# Left-right topology

Are there non-trivial topological solutions (in particular 't Hooft-Polyakov magnetic monopoles) associated with the (local) breaking

$$SU(2)_R \times SU(2)_L \times U(1)_{B-L} \to SU(2)_L \times U(1)_Y$$

?

In order for a theory to present stable monopole solutions it has to satisfy three requirements:

i) It has to have the topological conditions, generally showed as non trivial second homotopy group of the vacuum manifold.

ii) It has to satisfy a quantization condition $$e^{ieQ_m}=\mathbb 1,$$ where $Q_m$ is the (non-Abelian) magnetic charge. This is a generalization of the Dirac quantization condition.

iii) The monopole has to be a solution of the classical equations of montion.

It can be shown that to satisfy ii) the $U(1)_{em}$ has to be compact (the electric charge has to quantized as well), that is, isomorphic to the circle and not to the reals. It turns out that when you have a SSB $G\rightarrow K\times U(1)$, the $U(1)$ is compact if $G$ and $K$ are both semisimple. Otherwise $U(1)$ may be non compact. In your case, $G$ is not semisimple, it has an Abelian factor.

For chiral symmetry breaking such as in QCD where the symmetry is global there are definitely no 't Hooft-Polyakov monopoles since those appear when you spontaneously break a local gauge symmetry. You are breaking a global one.

There are some studies about something called "semilocal defects" that may appear when you break a local and a global symmetry in a "mixed way".
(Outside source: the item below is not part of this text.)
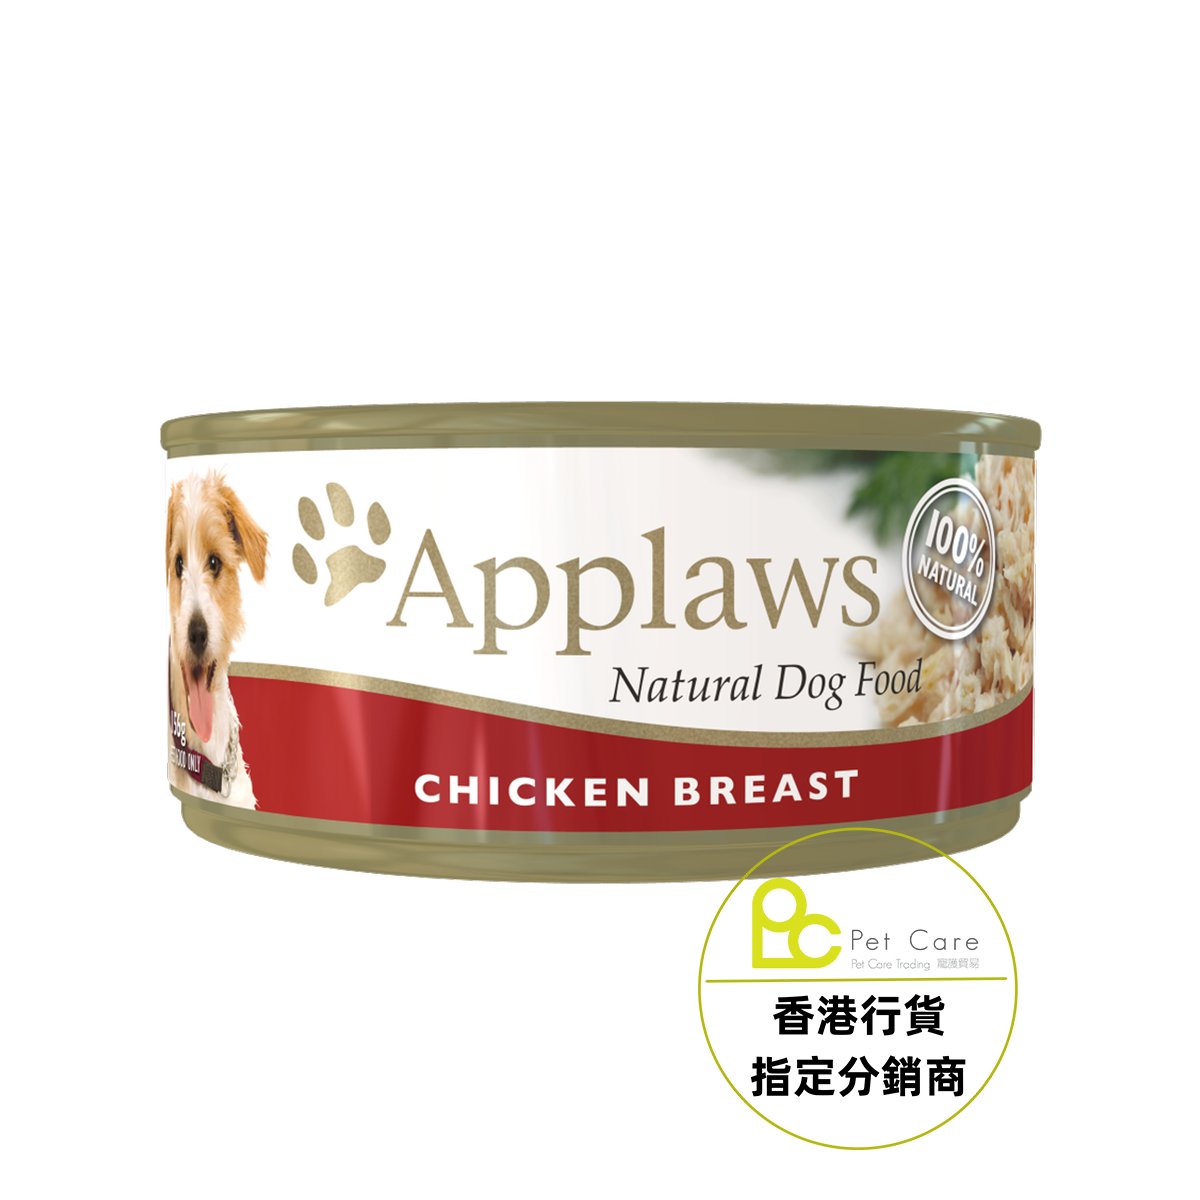 Applaws Dog 全天然 狗罐頭 - 雞柳 156g

What characterizes the stability of topological solutions as monopoles and vortices are topological quantities as the winding number. Take a vortex, for simplicity. Roughly speaking the winding number would say how the scalar field rotate as we go around the vortex. This rotation is in the internal space. With a global symmetry you are not able to construct such a rotating scalar field. The topological numbers would be trivial.